Figure 15: Typical $\theta$-$2\theta$ P3AT x-ray diffraction spectra for unoriented (powder) samples of (a) poly(3-hexylthiophene), (b) poly(3-octylthiophene) and (d) poly(3-dodecylthiophene). The two additional scans are spectra from a stretch-oriented (6:1 draw ratio) P3DDT sample (c) in the (hk0) equatorial plane (perpendicular to the chain axis) and, (e) along the $(00\ell)$ meridional direction (parallel to the polymer chain axis).

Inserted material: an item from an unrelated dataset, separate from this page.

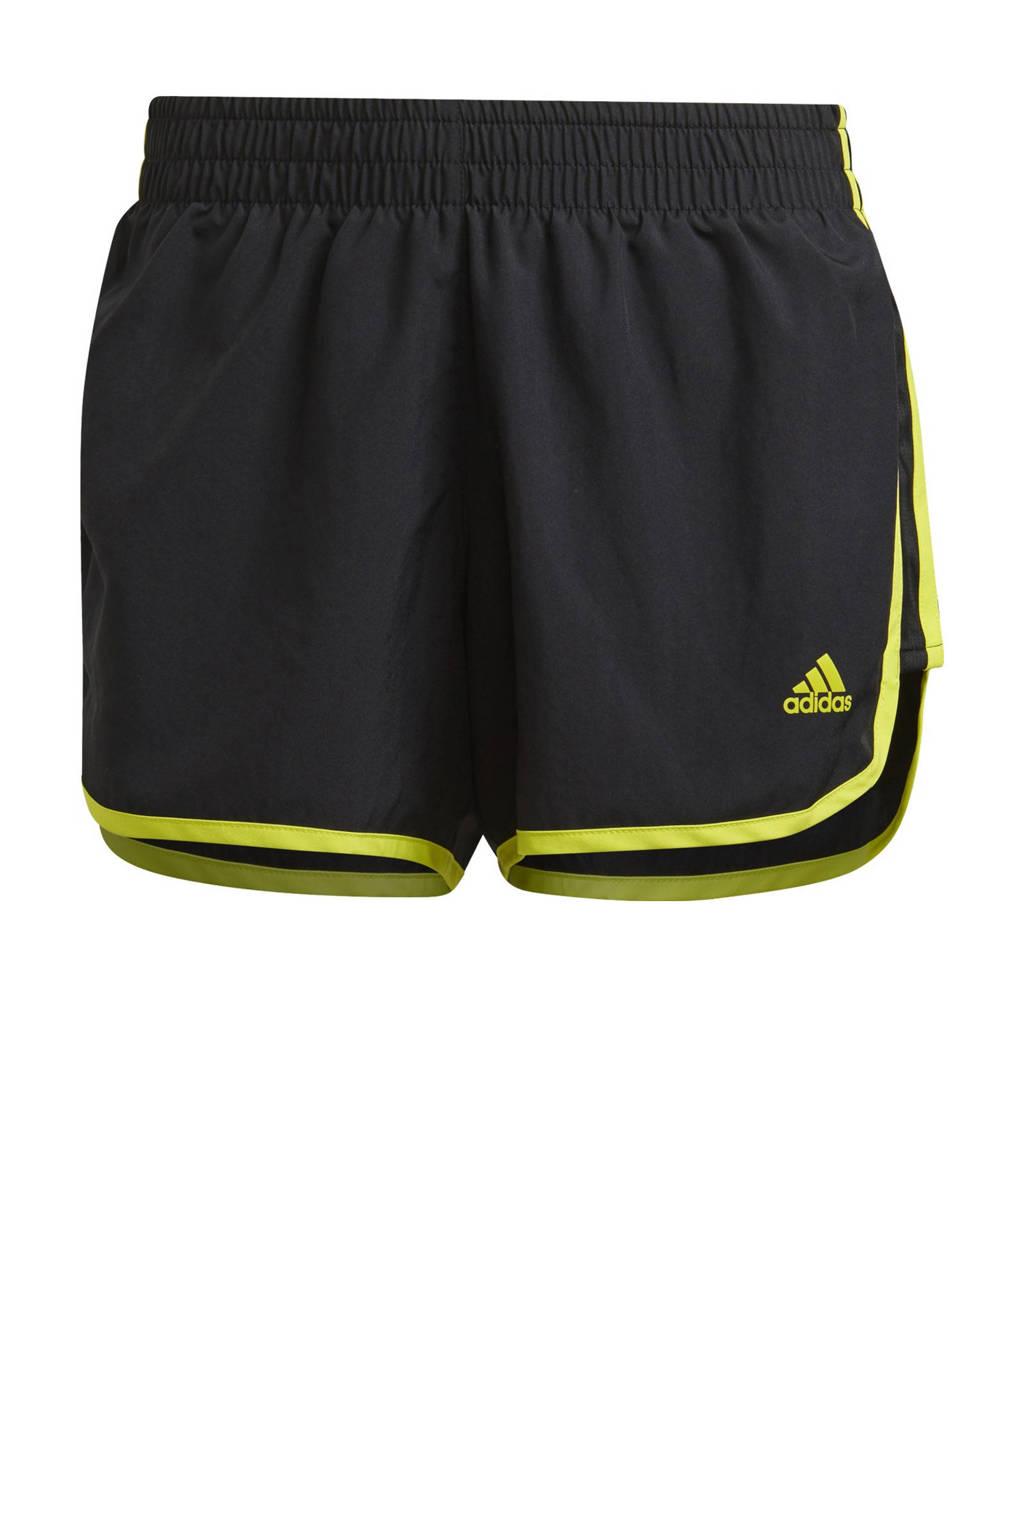 adidas Performance Marathon 20 hardloop short zwart/geel, Zwart/geel

The interlayer d-spacing is directly correlated with the length of the side chains in accordance to the models of Fig. 14. However, as shown in Fig. 16, this functionality is somewhat less (or more) than would be expected if the side chains were oriented normal to the main chain axis and to the layers themselves assuming no main chain tilt and no interdigitation or (full interdigitation). This indicates that these side chains are either conformationally disordered, strongly tilted away from the normal, or experience significant overlap with the side chains from the neighboring stack. In contrast, the $2\theta$ position of the sharper features located near $24^\circ$ are essentially independent of side chain length. Studies of uniaxially oriented samples, as seen if Fig. 15 curves c and e, find scattering in this vicinity both parallel and perpendicular to the draw (chain c-axis) direction. Hence this scattering is correlated with an extended main chain conformation along the c-axis and an intrastack chain-to-chain repeat of approximately 3.8Å.

 

Figure 16: The large interlayer d-spacing as a function of alkyl chain size, CH₃(CH₂)_n-1, using the data of Table II in combination with the estimated distances from two specific structural models as shown in Figs. 14(a) and 14(b).

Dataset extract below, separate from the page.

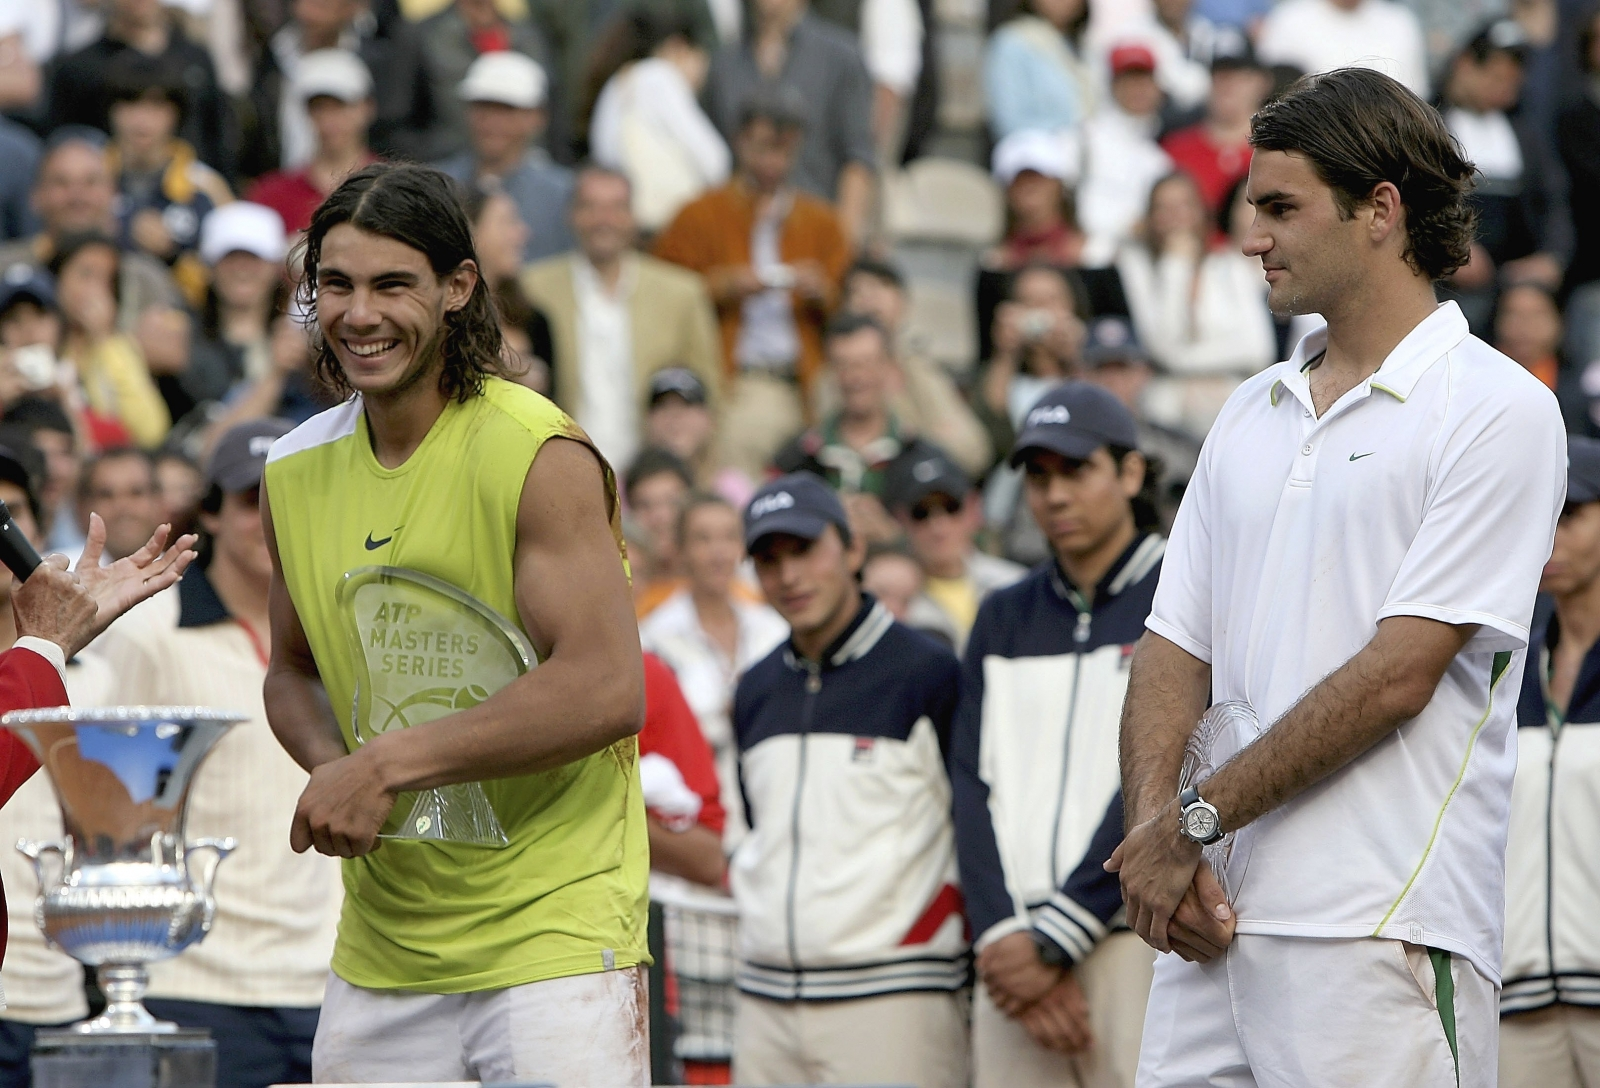 2006 ATP final

These qualitative features can be complimented by more rigorous analysis of the experimental data. A variety of planar orthorhombic[,,] and monoclinic unit cells[,] have been proposed. Table II contains a partial list of reported room temperature lattice constants for some of the more common P3AT compounds. One current structural model[111], which is found to be consistent with the full range of experimental data (e.g., infrared and UV-vis absorption, x-ray and electron diffraction, etc.) and detailed modelling calculations[,,114] (crystal structure factor refinements, molecular simulations, etc.), requires an average tilting the side chain away from the layer normal with a minimum of side chain interdigitation between stacks as shown in Fig. 13(c). Other proposed P3AT models invoke variations in the chain structure including a periodic up-up-down-down doubling of the trans-planar repeat[], a non-planar conformation of the main chain[], and even a helical structure[](specifically for poly(3-methyl thiophene)).